Mas mesmo o lixo não deveria ser utilizado como instrumento pedagógico…
Demétrio Magnoli – Apenas no caso de outros instrumentos de qualidade muito melhor já terem sido utilizados, criando uma base para a crítica do lixo. Não adianta falar que vai utilizar o lixo para criticar se o que é bom e melhor não foi utilizado. Proponho se utilizar materiais paradidáticos, livros paradidáticos, matérias selecionadas da imprensa, de nível melhor, onde o professor faz a seleção, um jornal como o que eu faço, Mundo – Geografia e Política Internacional, e, só depois dos alunos terem condições intelectuais para fazerem a crítica, é que se pode utilizar a bobagem. Se é que vai sobrar tempo. Mas só como alvo de crítica.

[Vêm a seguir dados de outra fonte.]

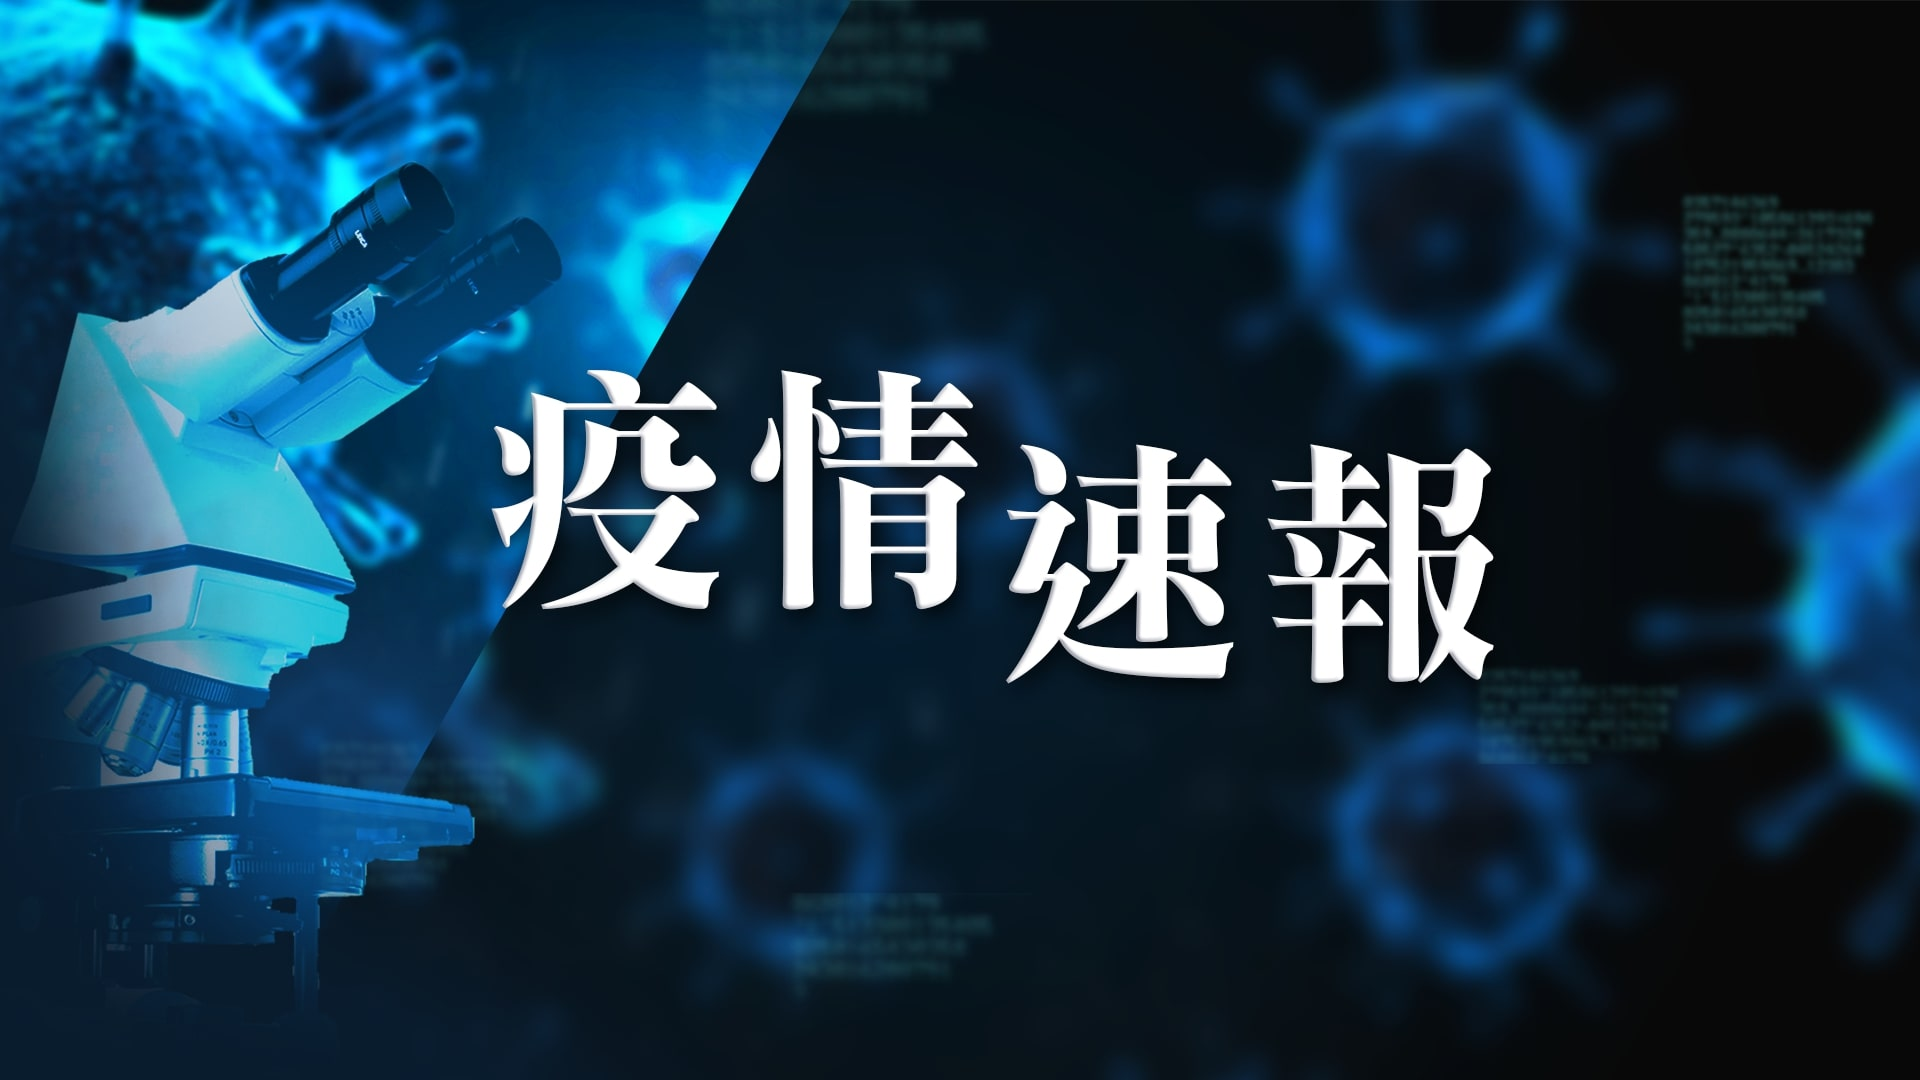 【6月30日疫情速報】(22:55)
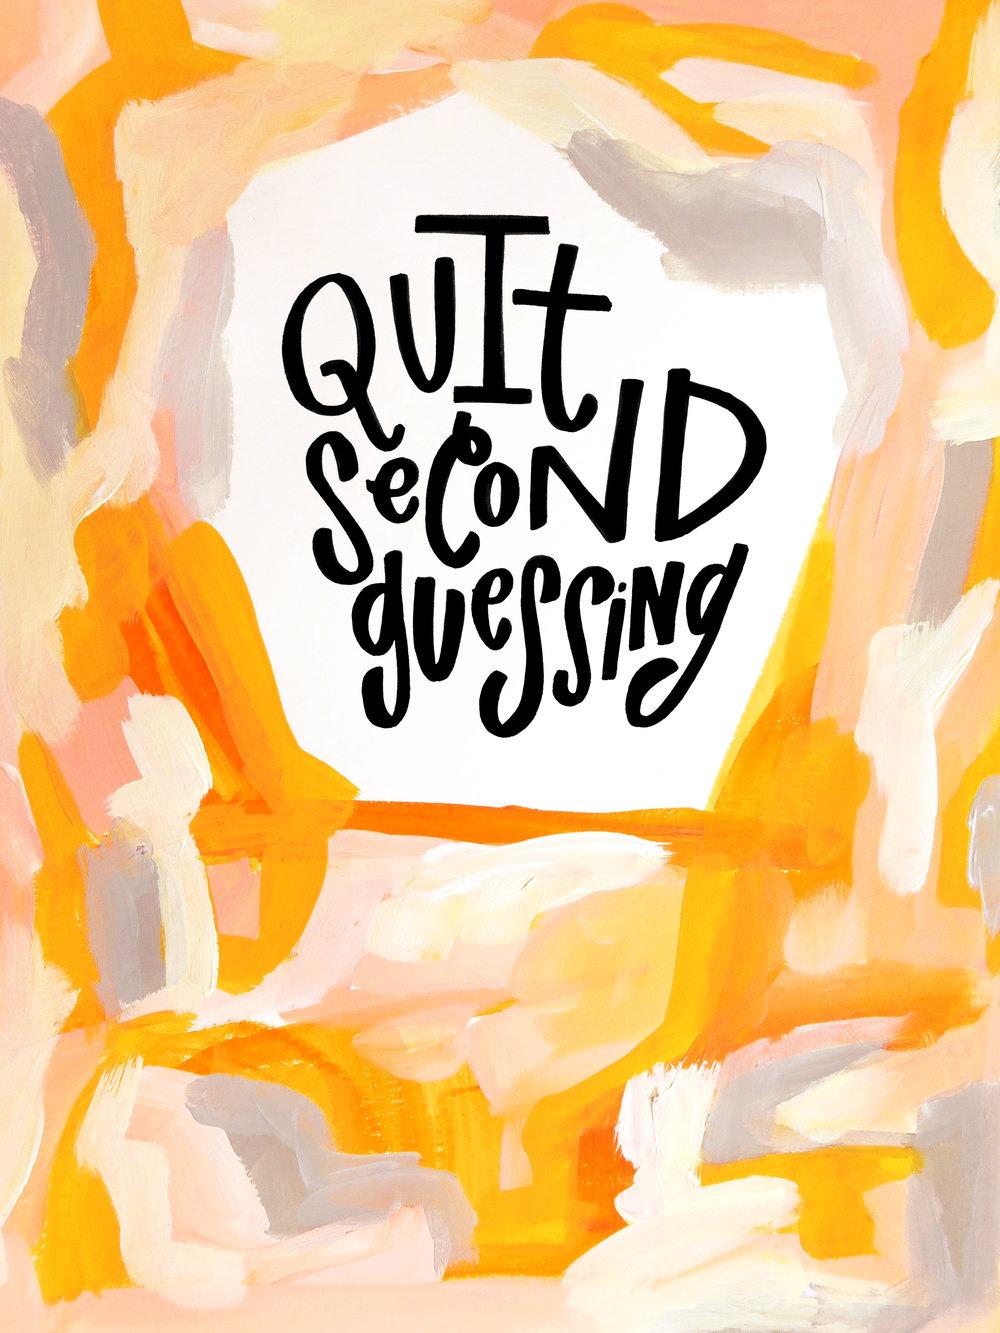 6/19/16: Quit

É um bom exercício para uma classe bem formada: pegar uma matéria para revelar onde estão os preconceitos e chavões. Mas não é o ponto de partida. Porque, no ponto de partida, os alunos não têm meios para fazer essa crítica. O ponto de partida é dar aulas decentes de história e geografia. Tendo formado essa base de conceitos, o professor pode e deve fazer a crítica de como o preconceito e a ignorância aparece na imprensa. Aliás, os exemplos se multiplicaram quase ao infinito.